While removing a cup may be a little difficult at first, with some experience it doesn't take any longer to remove and reinsert than it does to change a tampon. Believe it or not, the female anatomy is not designed so things can get lost inside and take "three hours" to get out. And finally, not all cup users have cups that leak when half full. Actually, according to a recent study, cups leak half as often as traditional menstrual products. So take that!

And now I think I'll mention a few things that the article didn't about cups.

The average woman will contribute over 9000, non-biodegradable, dirty pads and tampons to landfills in their lifetimes. Take a minute, and let that disgusting imagine burn in your mind. Done? Good.

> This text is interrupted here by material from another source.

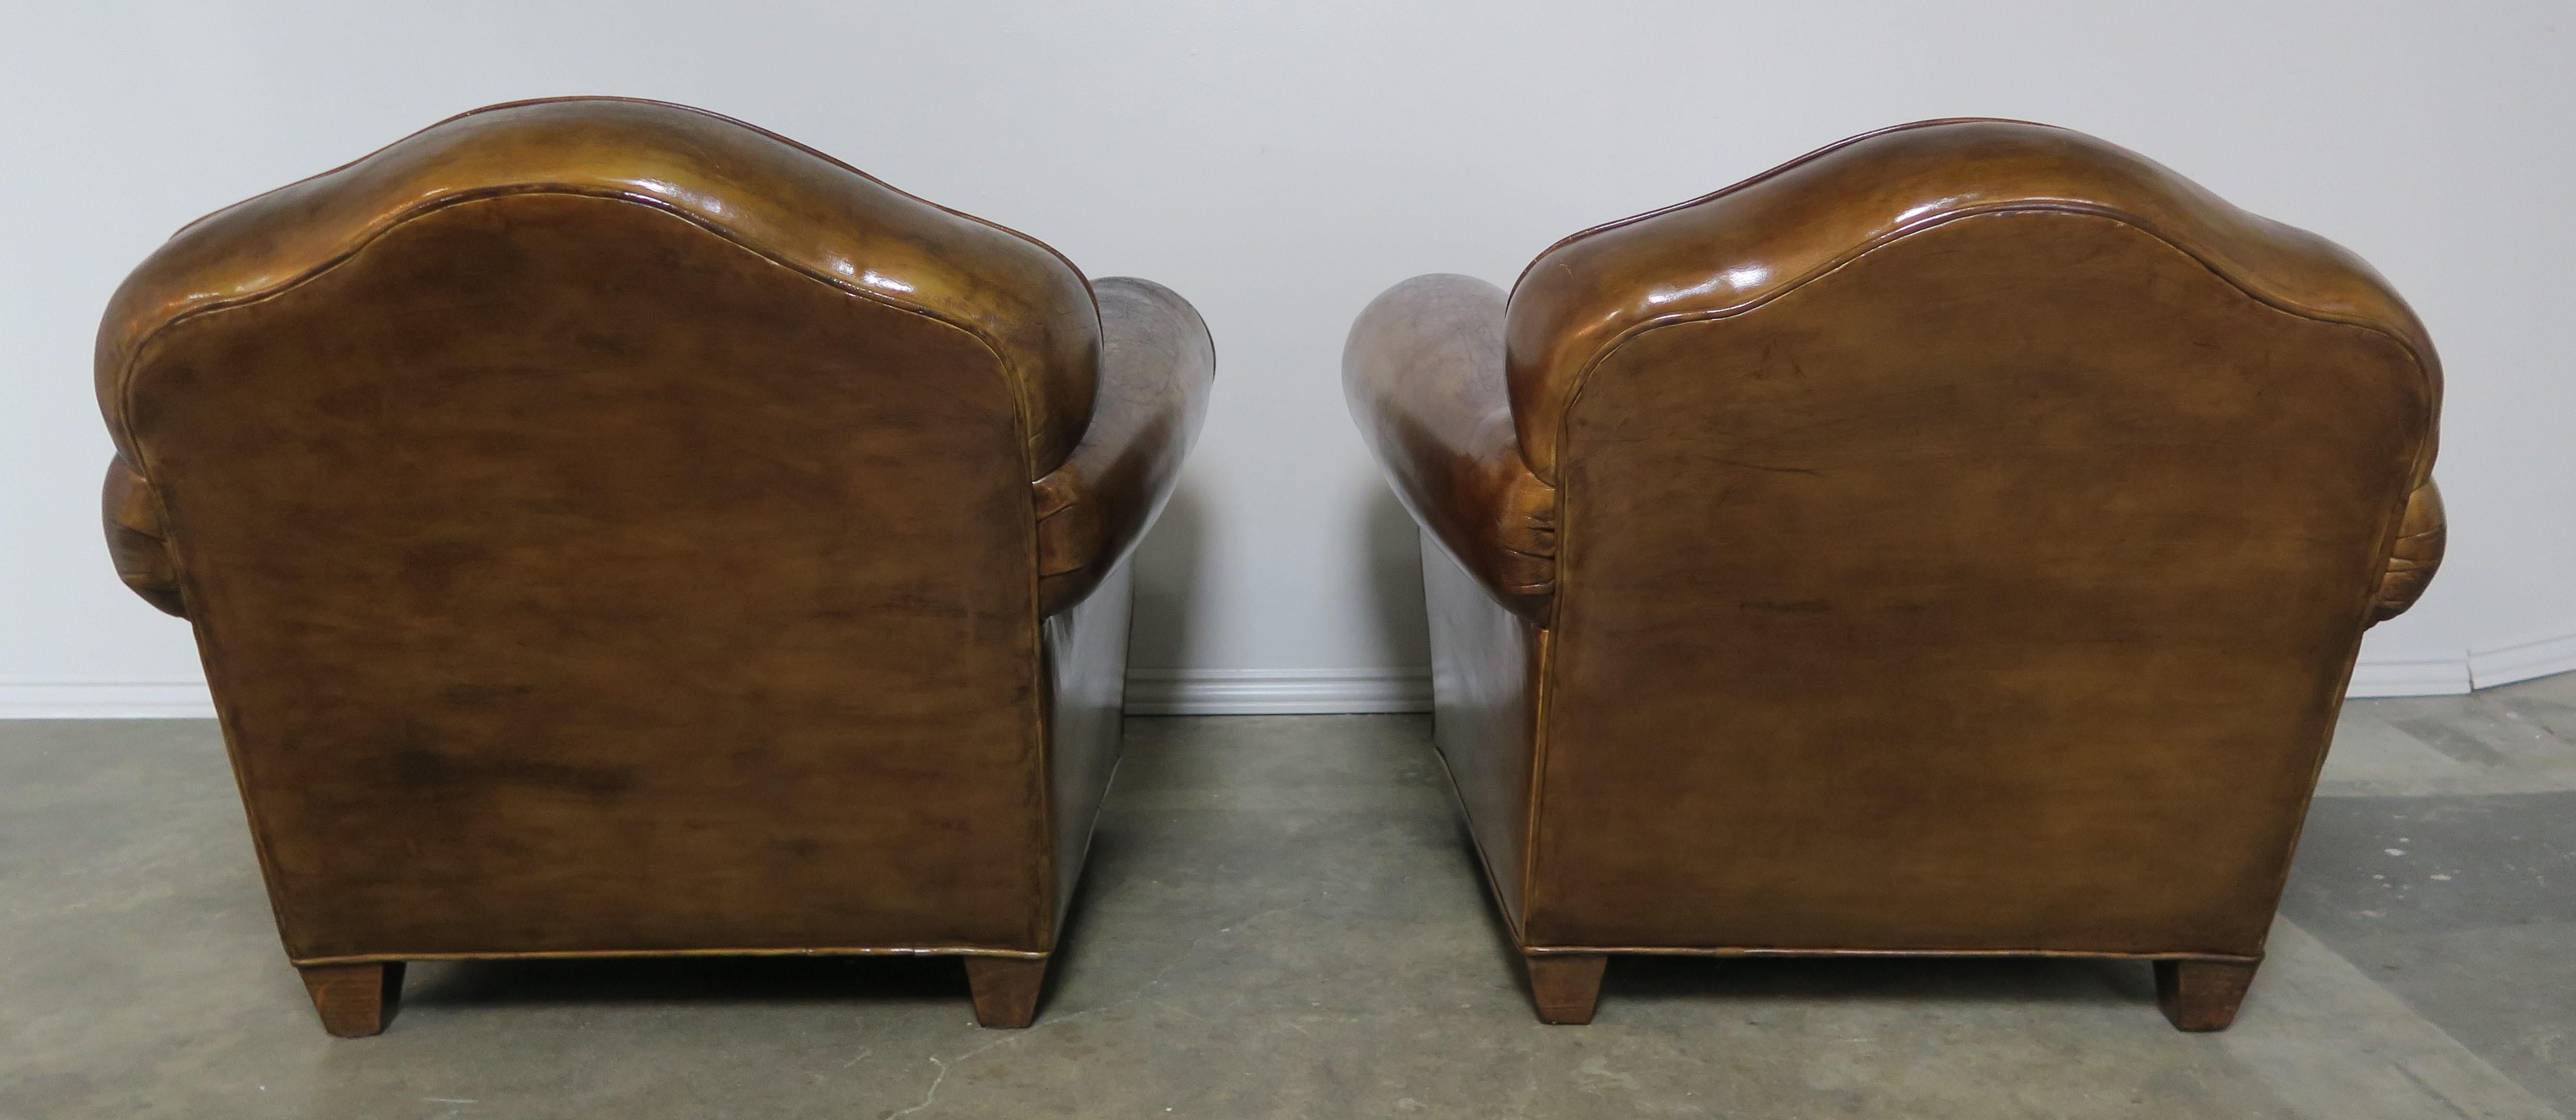 Pair of French Leather Upholstered Club Chairs, circa 1940s 6

Correct me if I’m wrong, but isn’t “sustainability” a theme here on campus? Well, my (female) friend, meet the menstrual cup.

Cups are so much more comfortable than itchy pads or stiff tampons, because they're made of soft, squishy silicone. (Some women even notice less cramps during their periods when they switch to cups.) And they come in pretty colors and cute pouches. Really, what more could you ask for?

And did you know that a menstrual cup lasts for ten whole years? No more last minute dashes to the drug store, or awkward waiting at the cash register to buy tampons. And you'll never have to carry around spare tampons anymore, or take excessive quantities of pads on trips just in case. All you'll need is one little cup. And just think about all the money you'd save if you didn't need to buy monthly supplies.

So I ask that you look past your initial shock and disgust, to consider a menstrual product that’s nothing more than a sensible alternative.

- A happy menstrual cup user :)

So I was just looking for some feedback here before I submit it to the paper. Thanks!

EDIT: Thanks for all the suggestions--they've been incorporated. Also, my friend who writes for the newspaper helped me format this and make it funnier.

Post script: My reply wasn't published int he newspaper, but I'm glad I wrote it anyways. And anyone that really wants to know correct information about cups can just read one of my flyers. Or use google/youtube/wikihow!